Record excerpts: Begin

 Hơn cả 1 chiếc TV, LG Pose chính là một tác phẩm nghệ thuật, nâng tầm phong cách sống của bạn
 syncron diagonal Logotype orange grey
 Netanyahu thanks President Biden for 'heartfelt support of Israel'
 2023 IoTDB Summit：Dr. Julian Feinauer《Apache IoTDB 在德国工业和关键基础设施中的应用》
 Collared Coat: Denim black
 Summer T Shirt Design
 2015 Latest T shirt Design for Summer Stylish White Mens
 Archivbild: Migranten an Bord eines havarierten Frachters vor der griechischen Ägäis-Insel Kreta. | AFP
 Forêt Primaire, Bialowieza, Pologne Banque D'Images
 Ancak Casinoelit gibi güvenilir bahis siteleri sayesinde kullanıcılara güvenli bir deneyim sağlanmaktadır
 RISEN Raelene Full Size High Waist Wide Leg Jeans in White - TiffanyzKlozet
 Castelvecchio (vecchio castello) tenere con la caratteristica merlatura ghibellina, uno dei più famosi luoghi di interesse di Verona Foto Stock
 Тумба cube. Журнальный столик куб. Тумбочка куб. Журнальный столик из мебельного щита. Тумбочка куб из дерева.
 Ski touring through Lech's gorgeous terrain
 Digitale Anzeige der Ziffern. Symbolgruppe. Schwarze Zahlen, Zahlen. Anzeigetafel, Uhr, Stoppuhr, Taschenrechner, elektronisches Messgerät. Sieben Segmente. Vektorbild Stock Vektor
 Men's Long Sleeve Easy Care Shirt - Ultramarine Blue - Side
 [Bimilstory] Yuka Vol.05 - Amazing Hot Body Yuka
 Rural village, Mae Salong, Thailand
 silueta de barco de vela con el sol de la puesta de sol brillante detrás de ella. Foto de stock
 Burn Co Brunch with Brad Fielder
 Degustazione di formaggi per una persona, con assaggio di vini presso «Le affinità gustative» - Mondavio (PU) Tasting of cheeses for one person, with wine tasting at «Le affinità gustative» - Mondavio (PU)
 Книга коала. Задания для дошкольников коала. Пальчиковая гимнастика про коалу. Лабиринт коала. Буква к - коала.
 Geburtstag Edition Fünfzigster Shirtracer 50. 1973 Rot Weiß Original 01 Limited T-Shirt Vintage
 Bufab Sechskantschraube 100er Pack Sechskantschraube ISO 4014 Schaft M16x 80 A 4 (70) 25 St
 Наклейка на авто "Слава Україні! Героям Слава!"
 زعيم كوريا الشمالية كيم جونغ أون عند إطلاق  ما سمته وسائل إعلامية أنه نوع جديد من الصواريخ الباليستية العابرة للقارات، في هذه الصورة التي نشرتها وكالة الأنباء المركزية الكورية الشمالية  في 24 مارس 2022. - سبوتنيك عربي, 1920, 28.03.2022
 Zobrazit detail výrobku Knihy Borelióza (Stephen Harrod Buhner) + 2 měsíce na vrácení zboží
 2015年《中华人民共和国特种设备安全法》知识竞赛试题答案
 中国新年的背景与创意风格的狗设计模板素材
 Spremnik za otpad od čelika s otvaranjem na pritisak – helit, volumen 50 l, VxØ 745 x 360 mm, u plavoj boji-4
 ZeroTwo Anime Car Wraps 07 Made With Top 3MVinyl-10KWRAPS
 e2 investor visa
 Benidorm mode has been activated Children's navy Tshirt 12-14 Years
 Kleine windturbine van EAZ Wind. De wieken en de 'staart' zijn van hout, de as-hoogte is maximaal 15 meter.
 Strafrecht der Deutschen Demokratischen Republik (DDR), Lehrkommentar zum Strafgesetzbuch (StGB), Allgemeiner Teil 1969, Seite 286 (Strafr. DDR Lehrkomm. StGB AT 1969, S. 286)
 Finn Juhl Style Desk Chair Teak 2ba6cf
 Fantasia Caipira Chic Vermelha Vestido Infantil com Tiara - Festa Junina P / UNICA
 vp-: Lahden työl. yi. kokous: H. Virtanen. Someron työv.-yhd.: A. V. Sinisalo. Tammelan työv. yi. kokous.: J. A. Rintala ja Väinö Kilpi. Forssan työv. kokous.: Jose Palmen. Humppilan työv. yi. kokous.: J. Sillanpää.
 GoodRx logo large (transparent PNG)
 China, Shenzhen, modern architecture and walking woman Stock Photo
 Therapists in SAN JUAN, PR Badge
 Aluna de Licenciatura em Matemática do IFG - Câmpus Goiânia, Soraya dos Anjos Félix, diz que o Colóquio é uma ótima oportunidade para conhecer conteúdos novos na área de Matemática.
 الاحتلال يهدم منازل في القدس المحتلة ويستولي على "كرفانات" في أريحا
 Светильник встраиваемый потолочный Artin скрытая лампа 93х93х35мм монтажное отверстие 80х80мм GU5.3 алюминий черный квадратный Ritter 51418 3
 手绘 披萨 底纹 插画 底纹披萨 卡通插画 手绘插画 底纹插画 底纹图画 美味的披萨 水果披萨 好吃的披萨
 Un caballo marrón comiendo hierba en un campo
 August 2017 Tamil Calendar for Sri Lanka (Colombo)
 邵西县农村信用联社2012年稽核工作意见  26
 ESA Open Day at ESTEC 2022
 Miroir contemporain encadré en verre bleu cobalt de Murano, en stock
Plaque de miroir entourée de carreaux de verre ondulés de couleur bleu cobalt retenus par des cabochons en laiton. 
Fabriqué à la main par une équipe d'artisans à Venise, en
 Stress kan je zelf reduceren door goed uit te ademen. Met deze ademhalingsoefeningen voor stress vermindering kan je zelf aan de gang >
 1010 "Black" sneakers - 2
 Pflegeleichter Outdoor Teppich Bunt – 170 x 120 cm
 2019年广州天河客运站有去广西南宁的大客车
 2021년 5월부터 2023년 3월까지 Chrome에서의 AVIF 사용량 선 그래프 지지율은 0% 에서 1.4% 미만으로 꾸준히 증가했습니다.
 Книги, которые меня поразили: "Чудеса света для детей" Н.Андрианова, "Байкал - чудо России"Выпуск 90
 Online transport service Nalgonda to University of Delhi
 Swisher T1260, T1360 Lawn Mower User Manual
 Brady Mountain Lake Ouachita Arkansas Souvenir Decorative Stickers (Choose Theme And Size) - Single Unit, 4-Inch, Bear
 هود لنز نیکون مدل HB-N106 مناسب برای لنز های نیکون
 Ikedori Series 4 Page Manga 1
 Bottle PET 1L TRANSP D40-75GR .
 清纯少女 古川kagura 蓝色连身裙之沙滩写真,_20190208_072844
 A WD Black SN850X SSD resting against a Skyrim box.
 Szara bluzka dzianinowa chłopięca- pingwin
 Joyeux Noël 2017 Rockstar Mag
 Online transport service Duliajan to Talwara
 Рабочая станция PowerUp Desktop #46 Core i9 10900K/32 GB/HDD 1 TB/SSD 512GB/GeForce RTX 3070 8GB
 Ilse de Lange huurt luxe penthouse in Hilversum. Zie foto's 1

Record excerpts: End

**What you will do**
The required output is the set of lines from the first line of the data through the line that contains "Книга коала. Задания", transcribed exactly.

**Task answer**
 Hơn cả 1 chiếc TV, LG Pose chính là một tác phẩm nghệ thuật, nâng tầm phong cách sống của bạn
 syncron diagonal Logotype orange grey
 Netanyahu thanks President Biden for 'heartfelt support of Israel'
 2023 IoTDB Summit：Dr. Julian Feinauer《Apache IoTDB 在德国工业和关键基础设施中的应用》
 Collared Coat: Denim black
 Summer T Shirt Design
 2015 Latest T shirt Design for Summer Stylish White Mens
 Archivbild: Migranten an Bord eines havarierten Frachters vor der griechischen Ägäis-Insel Kreta. | AFP
 Forêt Primaire, Bialowieza, Pologne Banque D'Images
 Ancak Casinoelit gibi güvenilir bahis siteleri sayesinde kullanıcılara güvenli bir deneyim sağlanmaktadır
 RISEN Raelene Full Size High Waist Wide Leg Jeans in White - TiffanyzKlozet
 Castelvecchio (vecchio castello) tenere con la caratteristica merlatura ghibellina, uno dei più famosi luoghi di interesse di Verona Foto Stock
 Тумба cube. Журнальный столик куб. Тумбочка куб. Журнальный столик из мебельного щита. Тумбочка куб из дерева.
 Ski touring through Lech's gorgeous terrain
 Digitale Anzeige der Ziffern. Symbolgruppe. Schwarze Zahlen, Zahlen. Anzeigetafel, Uhr, Stoppuhr, Taschenrechner, elektronisches Messgerät. Sieben Segmente. Vektorbild Stock Vektor
 Men's Long Sleeve Easy Care Shirt - Ultramarine Blue - Side
 [Bimilstory] Yuka Vol.05 - Amazing Hot Body Yuka
 Rural village, Mae Salong, Thailand
 silueta de barco de vela con el sol de la puesta de sol brillante detrás de ella. Foto de stock
 Burn Co Brunch with Brad Fielder
 Degustazione di formaggi per una persona, con assaggio di vini presso «Le affinità gustative» - Mondavio (PU) Tasting of cheeses for one person, with wine tasting at «Le affinità gustative» - Mondavio (PU)
 Книга коала. Задания для дошкольников коала. Пальчиковая гимнастика про коалу. Лабиринт коала. Буква к - коала.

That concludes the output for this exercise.